◆ **WHAT IS NEEDED**
Using the records below, give again exactly the lines from the line that contains "Cara Ampuh Mengusir" through the line that contains "Tender biscoitos quentes", both ends included, and only those.

◆ **DATASET EXTRACT**
────────────────────

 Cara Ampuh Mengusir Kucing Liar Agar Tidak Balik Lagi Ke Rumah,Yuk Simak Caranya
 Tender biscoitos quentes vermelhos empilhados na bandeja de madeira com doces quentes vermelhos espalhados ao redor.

────────────────────

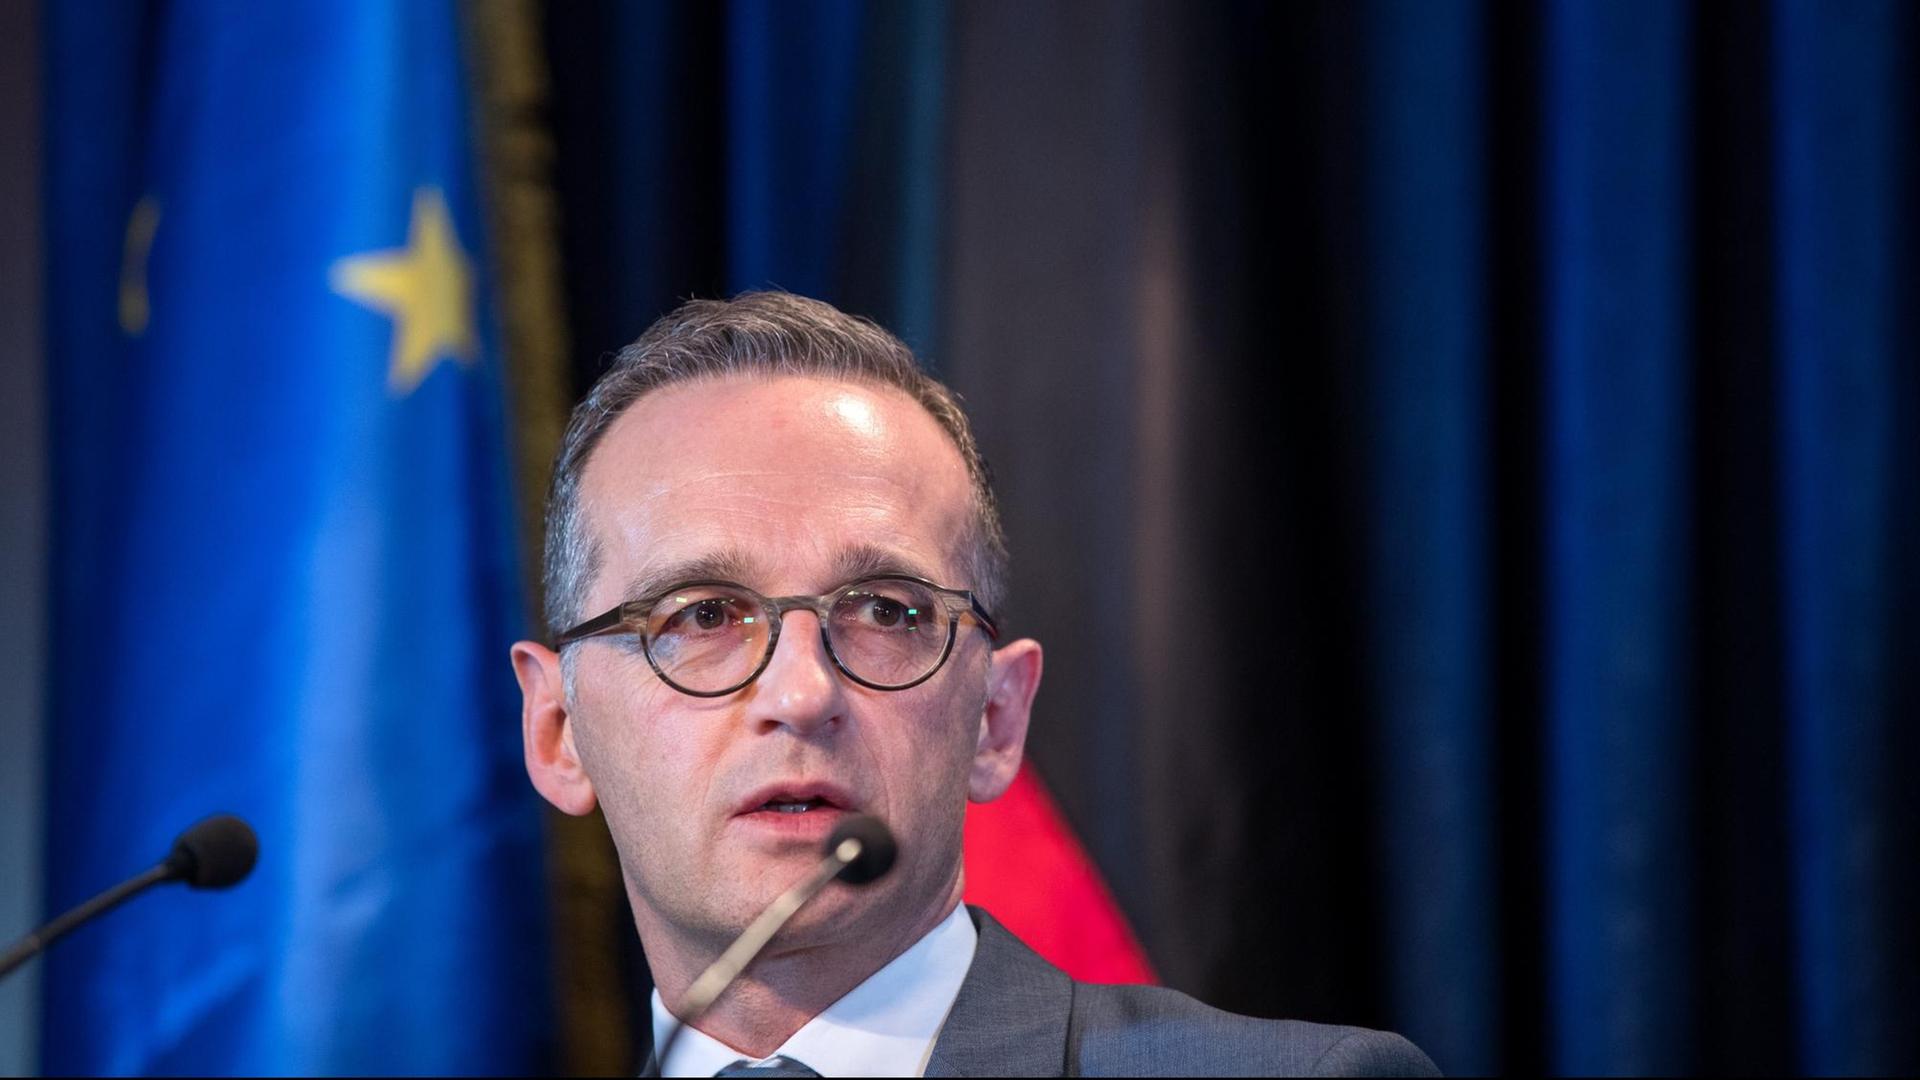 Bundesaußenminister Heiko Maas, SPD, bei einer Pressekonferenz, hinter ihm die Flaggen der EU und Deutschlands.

────────────────────

◆ **EXPECTED ANSWER**
 Cara Ampuh Mengusir Kucing Liar Agar Tidak Balik Lagi Ke Rumah,Yuk Simak Caranya
 Tender biscoitos quentes vermelhos empilhados na bandeja de madeira com doces quentes vermelhos espalhados ao redor.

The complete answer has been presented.